The Ford folk play high-speed games.

What is a safe speed on a highway? That is a question that the Ontario government is trying to figure out. And they are wasting their time trying to answer it and they are wasting the public’s time.

Most drivers have an inflated idea of their driving skills and tend to push their limits. What drivers really need to consider are the driving conditions, visibility and condition of the vehicle they are using. The condition of the driver and others on the road are also a factor.

As Highway 400 passes through the city of Barrie, I am very used to turning on to the highway and setting my cruise control for the average speed on the left of the southbound lanes. That setting for many years, under good driving conditions, has been 120 kilometres per hour (74.5 mph). In an average of about 30 trips per year over the past 10 years, I have never been stopped by the provincial police who regularly patrol that highway.

The truth is that the de facto speed limit on all 400 series in Ontario has been 120 kilometres per hour for many years. These are restricted-access, multilane highways with centre dividers between the lanes in each direction.

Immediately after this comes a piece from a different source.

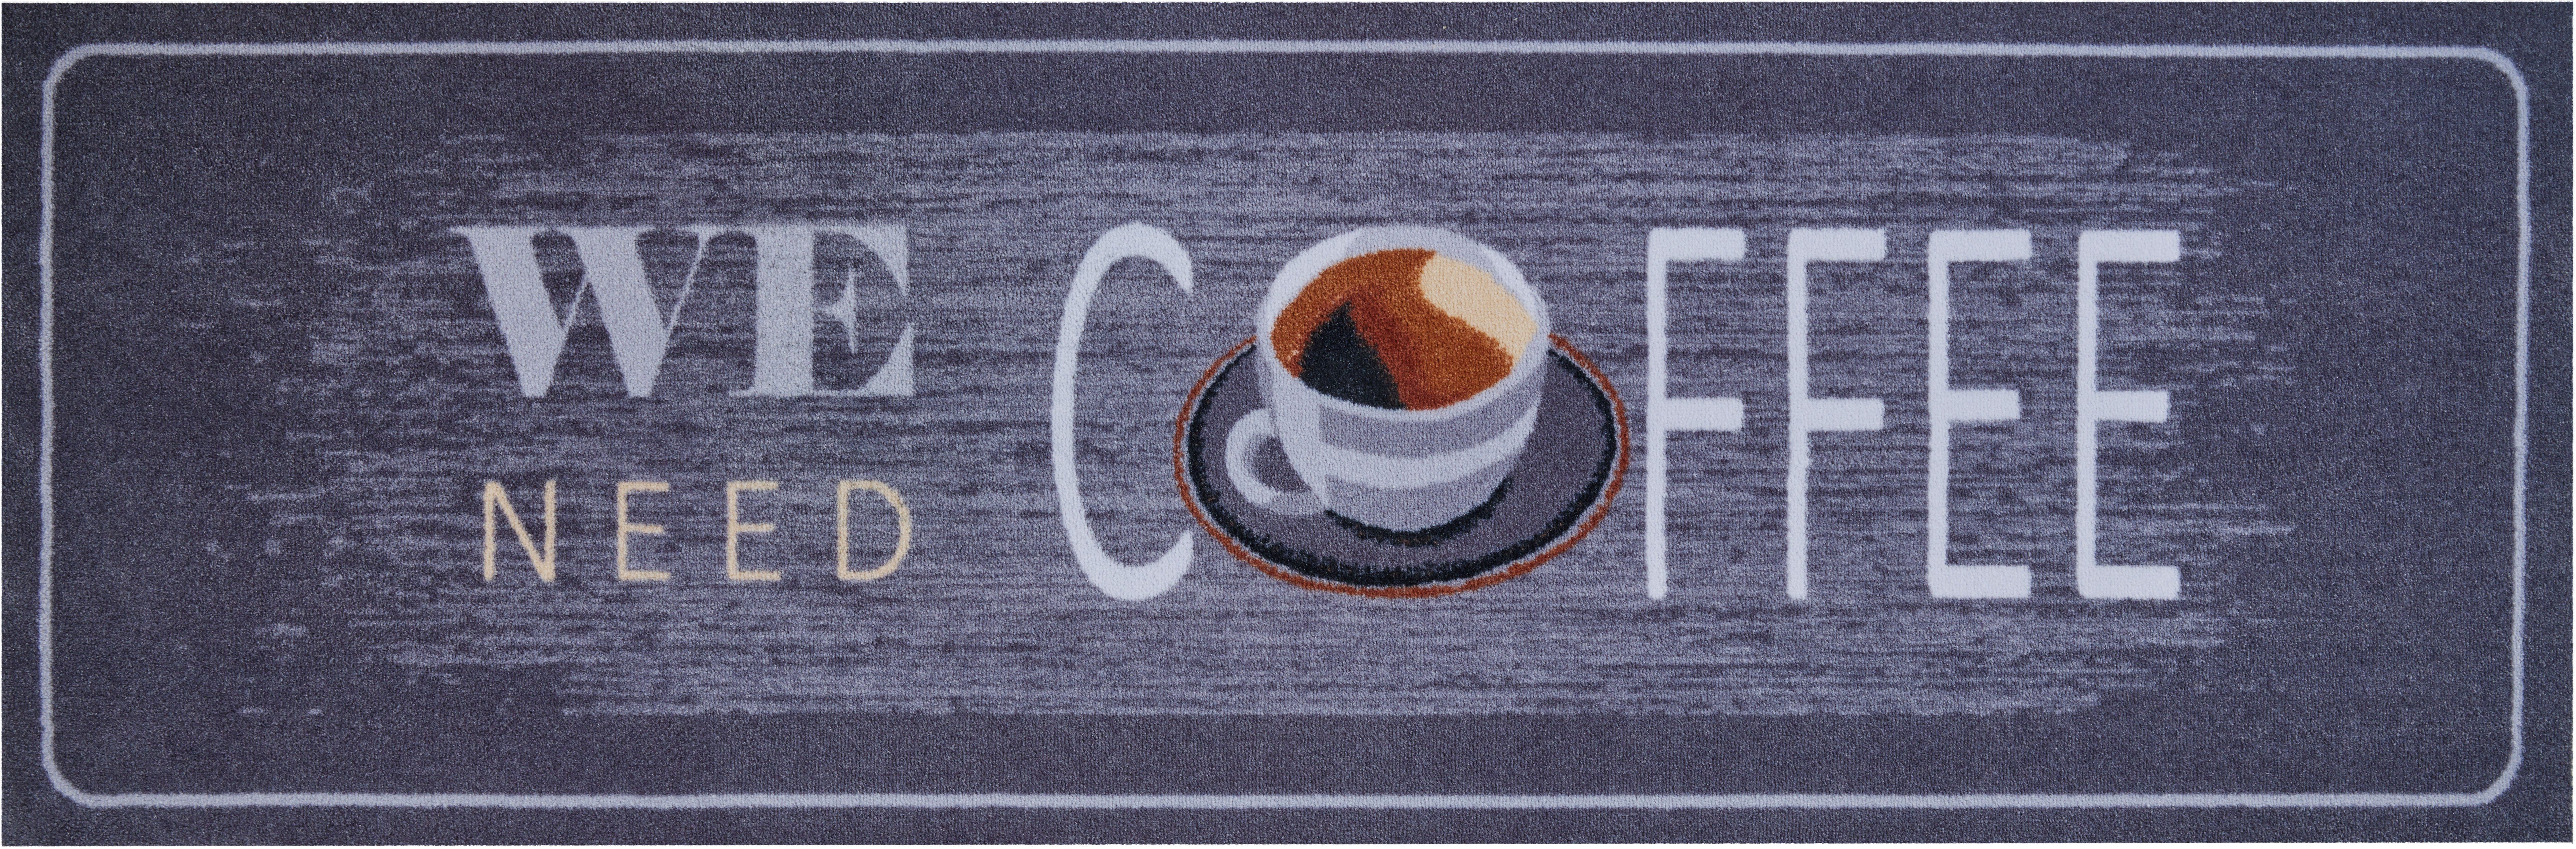 Küchenläufer Coffee, Grund, rechteckig, Höhe: 8 mm, In- und Outdoor geeignet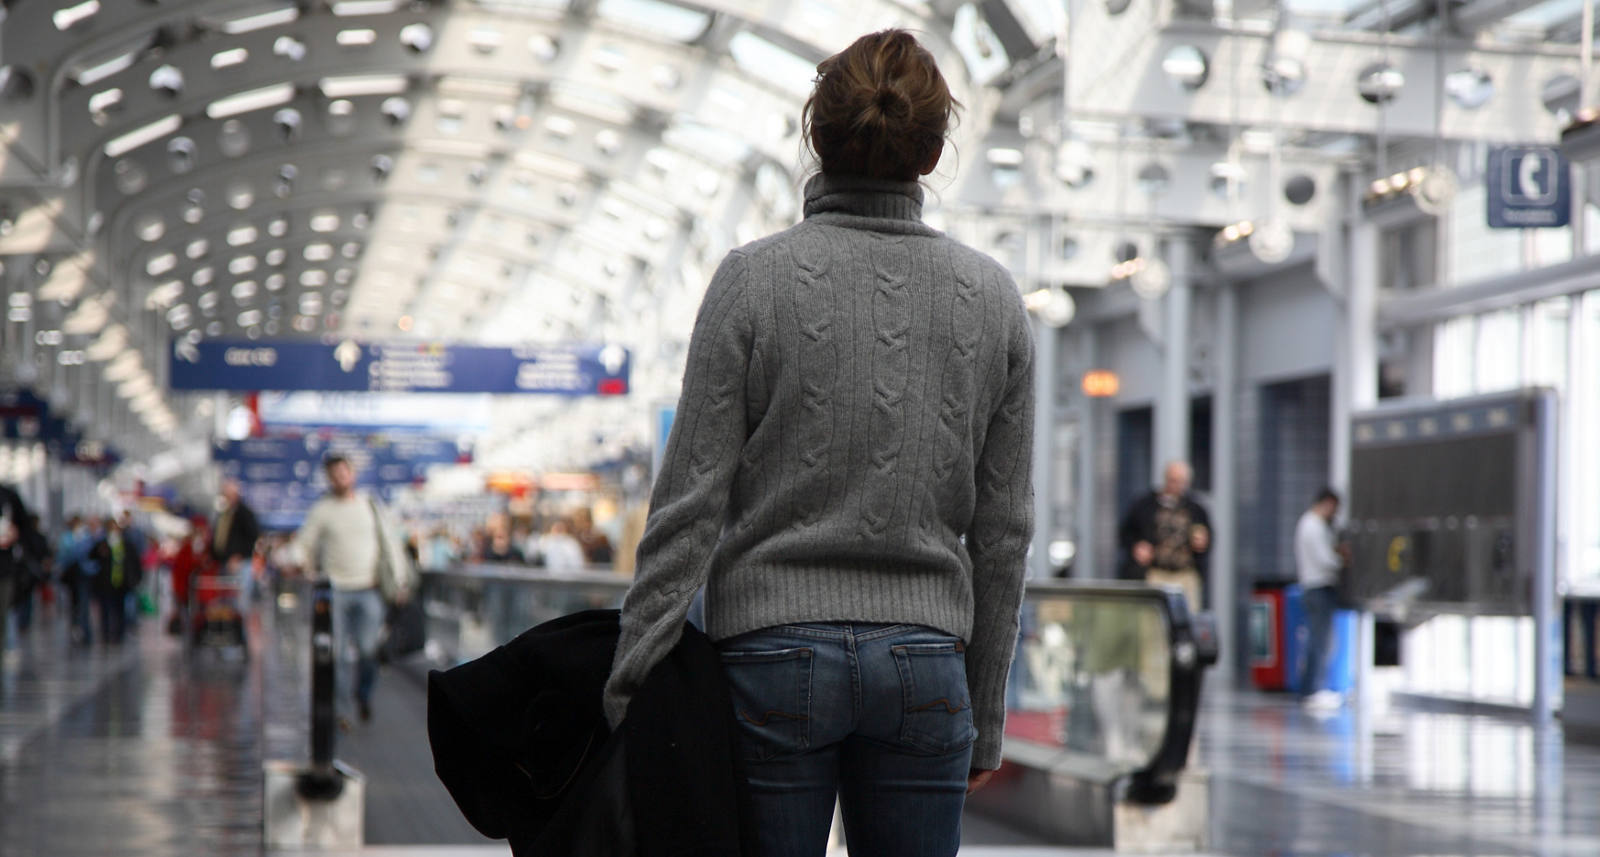 Une femme se trouve dans la foule à l’aéroport, une situation particulièrement stressante pour elle.

Sure, you will get a ticket for careless or abrupt lane changes and other motoring infractions but someone driving carefully and considerately at 20 clicks over the speed limit does not seem to be committing an offense.

So, what are those geniuses at Queen’s Park doing? They are creating some sections of 400 series highways where the drivers can feel free to drive at 110 kilometres per hour. They tell us that it is a test to see if people really want to drive so fast. I would be more worried if the de facto speed limit went up to 130 kilometres. We have to remember that not all of us have the reaction times of a race car driver.

And remember why many people go to auto races. They are watching for the more spectacular crashes.